MICROTEL and TRYP by Wyndham hotels have slowed down their timetable in opening more local branches of their popular hotel brands due to the Covid-19, which has pushed many countries, including the Philippines, to impose inbound travel restrictions.
“Yes, because of the pandemic, some of our projects are put on hold,” said Phinma Microtel Hotels Inc. President and CEO Jose Mari del Rosario in an e-mail interview with the BusinessMirror. “We put on hold two resort projects with 150 keys each [TRYP] and one with a business location with 250 rooms [Microtel]—owing to the fact that uncertainty prevails as to when tourism will pick up. That’s both domestic and international [tourism].”
He added, “We are an archipelagic country and therefore rely on air travel to have guests in our rooms,” citing the three major carriers which have predicted a resumption of travel by 2024. The two TRYPs were to open in Batangas and Palawan, and the Microtel would have opened in Central Luzon.
“But,” del Rosario stressed, “we are still on the lookout and are open for full franchise and management contracts.” Wyndham Hotels and Resorts is among the largest hospitality chains in the world, with 20 brands in more than 80 countries. (See, “World’s largest hotel group to expand presence in PHL,” in the BusinessMirror, March 26, 2018.)
Looking back to 2019, he said their hotels “performed well with a chain-wide 67-percent occupancy, which is almost the same as in 2018. As you know, we are in locations where we are the international hotel chain operating—we are happy with that performance for the 15 hotels we have.”

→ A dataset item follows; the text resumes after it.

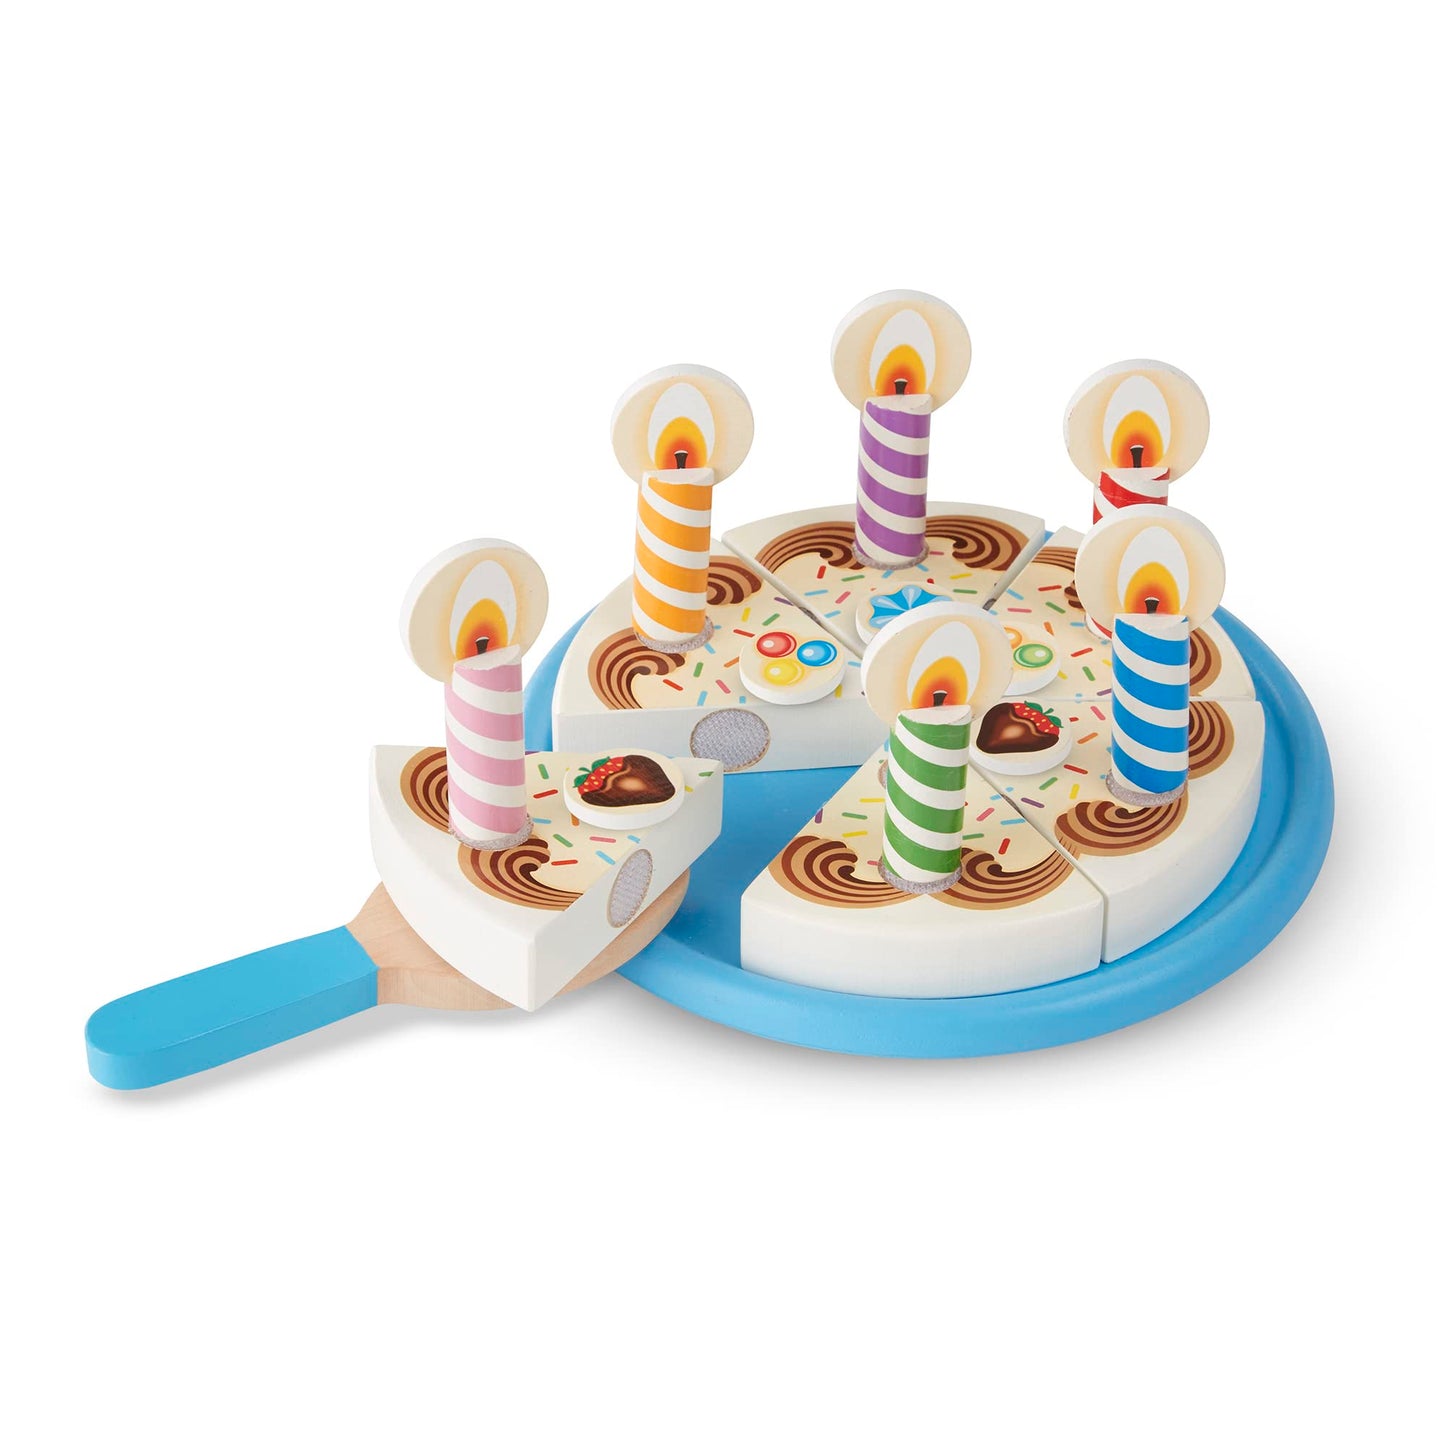 Melissa & Doug Birthday Party Cake - Wooden Play Food With Mix-n-Match Toppings and 7 Candles

So the brands were entering 2020 on a high note, like many tourism stakeholders in the country. He said, “2019 was a very good year for both Microtel and TRYP, and we had high hopes that 2020 would be even better. We initially forecasted a 20-percent increase in our revenues from new franchise contracts and improved performances of the hotels.”
When the lockdowns were imposed all over the country starting in March, the company “immediately took steps to conserve cash and manage our expenses. Given the restrictions on land, air and sea travel worldwide, reduction in business travel, and health and safety concerns by travelers, we did a lot of scenario planning. We saw it was going to be a disappointing year—but didn’t foresee that it will be disastrous.”
The company adopted “process re-engineering” measures. “Our business model for Microtel and TRYP are both anchored on providing limited services, but we further limited what we offer in terms of housekeeping services, room set-up, and facilities. We also implemented leaner manning for all hotels—skeleton work force, workday reduction, forced leaves, eliminated/consolidated positions, and deferred hiring.”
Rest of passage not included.